Provisions a cloud load balancer (NLB on AWS by default, internal-NLB with the internal annotation). The LB has the cluster’s nodes as targets and forwards to the NodePort.

Cloud-specific annotations shape behavior:

  • AWS: aws-load-balancer-type (nlb / alb), aws-load-balancer-scheme (internal / internet-facing), aws-load-balancer-cross-zone-load-balancing-enabled
  • GCP: cloud.google.com/neg (Network Endpoint Groups)
  • Azure: service.beta.kubernetes.io/azure-load-balancer-health-probe-request-path

Cost: one LB per Service. For 30 services, that’s 30 LBs. Most teams use Ingress (one LB, many Services) for HTTP, and LoadBalancer Service only for raw TCP/UDP (e.g. Postgres).

2.4 ExternalName

apiVersion: v1
kind: Service
metadata:
  name: legacy-api
spec:
  type: ExternalName
  externalName: api.legacy.example.com

No selector, no ports. Just a CNAME — DNS queries for legacy-api (or its FQDN) return a CNAME pointing at api.legacy.example.com.

Useful for:

  • Migration — moving a service out of the cluster without changing client code.
  • Aliasing to a managed service — pointing to an RDS endpoint, a third-party API, etc.

Gotcha: ExternalName Services can’t be backed by Endpoints. There’s no backend. The CNAME is resolved by the resolver, and the resulting IP is whatever the external name points to.

3. How a Service Gets Its IP — The kube-proxy Pipeline

The Service’s ClusterIP comes from the cluster’s Service CIDR (default 10.96.0.0/16 on kubeadm, set by --service-cluster-ip-range on the apiserver). The apiserver allocates an IP from this range when the Service is created.

Once allocated:

  1. apiserver creates the Service object with .spec.clusterIP set.
  2. Endpoints / EndpointSlices controller (in kube-controller-manager) watches the Service and resolves the selector to a list of <ip:port> pairs.
  3. kube-proxy on every node watches Services and Endpoints/EndpointSlices. It programs the local data plane:
    • iptables mode (default): installs iptables chains that DNAT ClusterIP traffic.
    • IPVS mode: creates an IPVS virtual server with hash-table lookup.
    • eBPF mode (Cilium): programs eBPF maps and a TC program for the DNAT.

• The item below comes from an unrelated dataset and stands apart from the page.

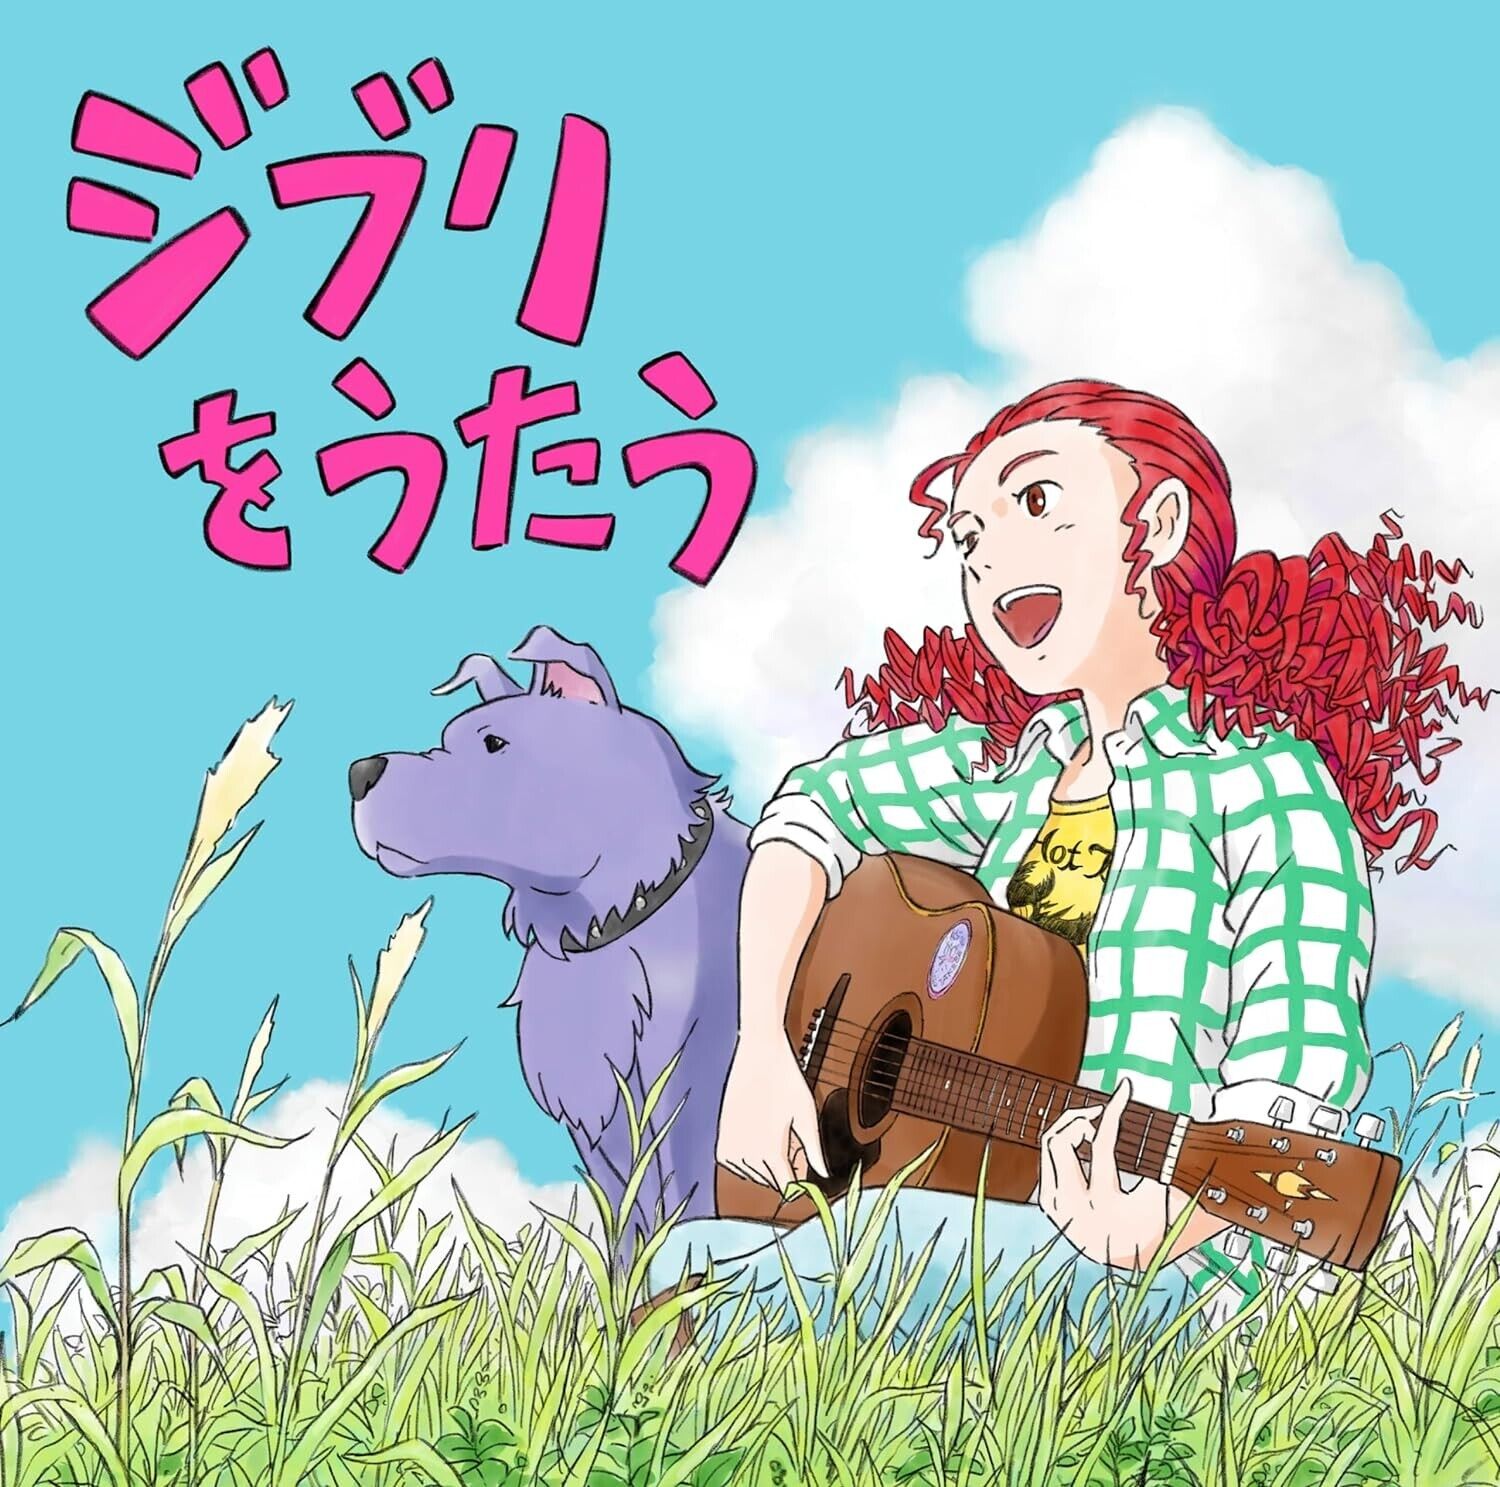 [CD] Studio Ghibli Tribute Album “Singing Ghibli”

The choice of mode is set by the kube-proxy ConfigMap (or the --proxy-mode flag). Most managed clusters use iptables by default. Larger clusters move to IPVS. Cilium replaces kube-proxy entirely with eBPF.

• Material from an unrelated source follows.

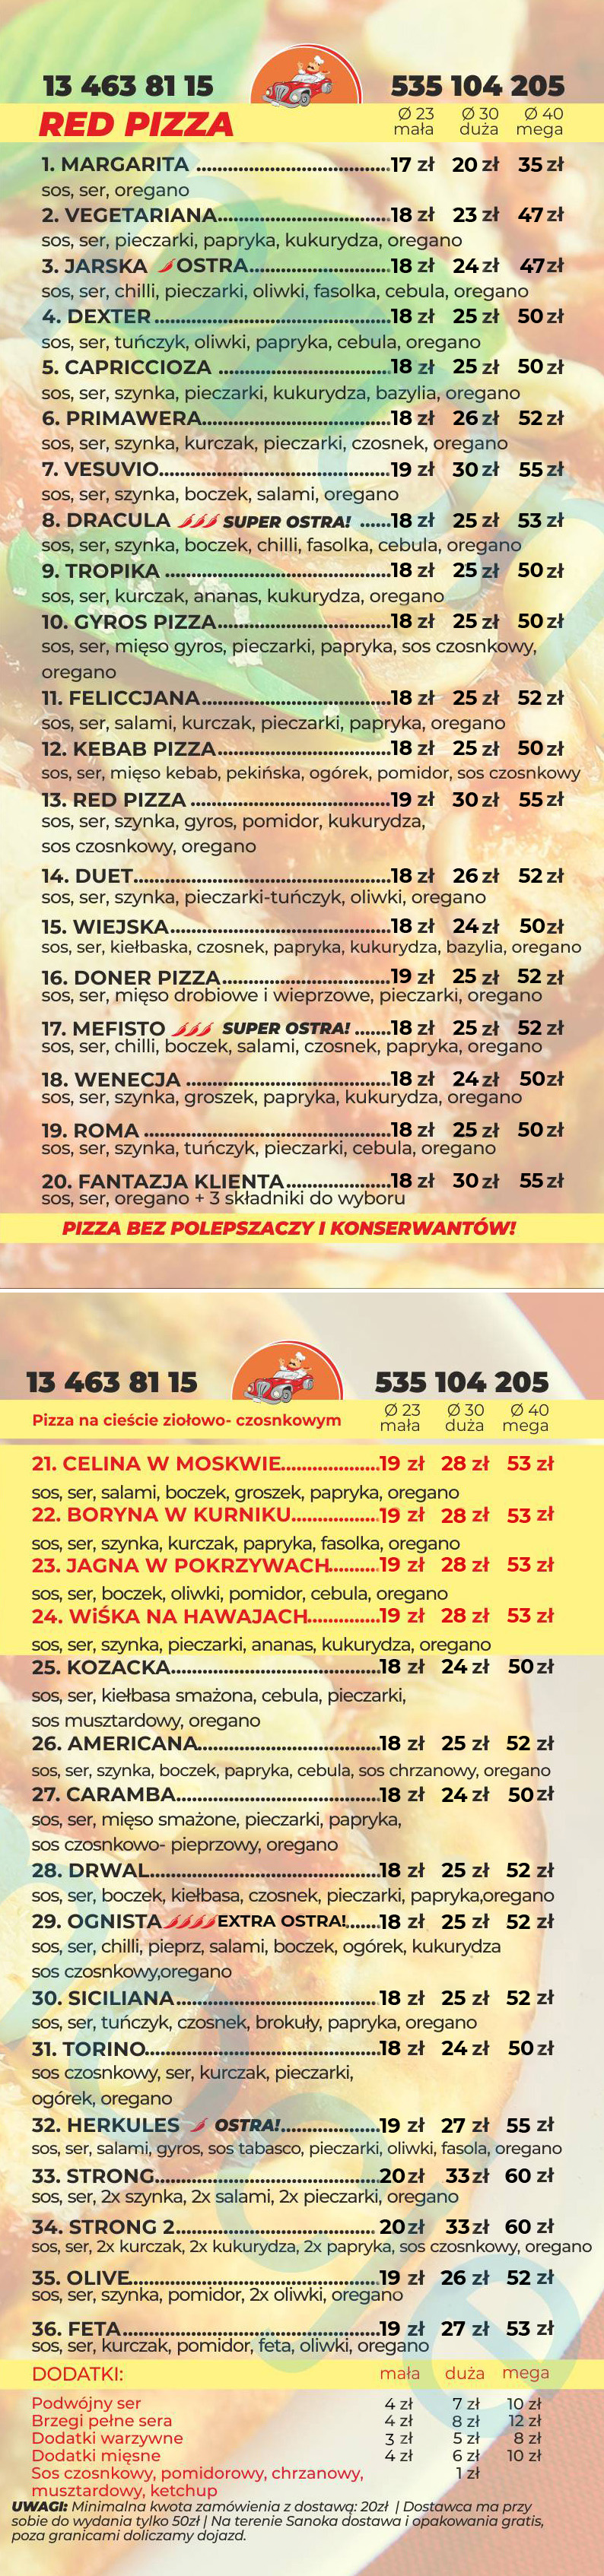 red-pizza-menu2

Deep dive on IPVS: see L09-advanced/08-ipvs.md.

The key invariant: the ClusterIP is not a routable IP. It’s a marker that kube-proxy looks for. Packets to the ClusterIP hit the node’s network stack, kube-proxy (or its data plane) catches them, and DNATs them to a Pod IP. From outside the node, the ClusterIP is unreachable.

3.1 iptables rules — what kube-proxy actually programs

For a Service with 3 backends, kube-proxy installs rules like:

-A KUBE-SERVICES -d 10.96.0.42/32 -p tcp --dport 80 -j KUBE-SVC-XXX
-A KUBE-SVC-XXX -m statistic --mode random --prob 0.333 -j KUBE-SEP-AAA   # backend 1
-A KUBE-SVC-XXX -m statistic --mode random --prob 0.500 -j KUBE-SEP-BBB   # backend 2
-A KUBE-SVC-XXX                              -j KUBE-SEP-CCC            # backend 3 (fallthrough)

The first matching rule wins. The probabilities are calculated so that each backend gets an equal share.

This works but doesn’t scale linearly — every Service + every endpoint adds rules. At 10,000 Services, the iptables chains are huge and every packet does a long linear scan. IPVS avoids this with O(1) hash-table lookup.

4. Selectors, Endpoints, and EndpointSlices

4.1 The selector

spec:
  selector:
    app: backend
    tier: api

A matchLabels-style selector. Every Pod with both labels becomes a backend.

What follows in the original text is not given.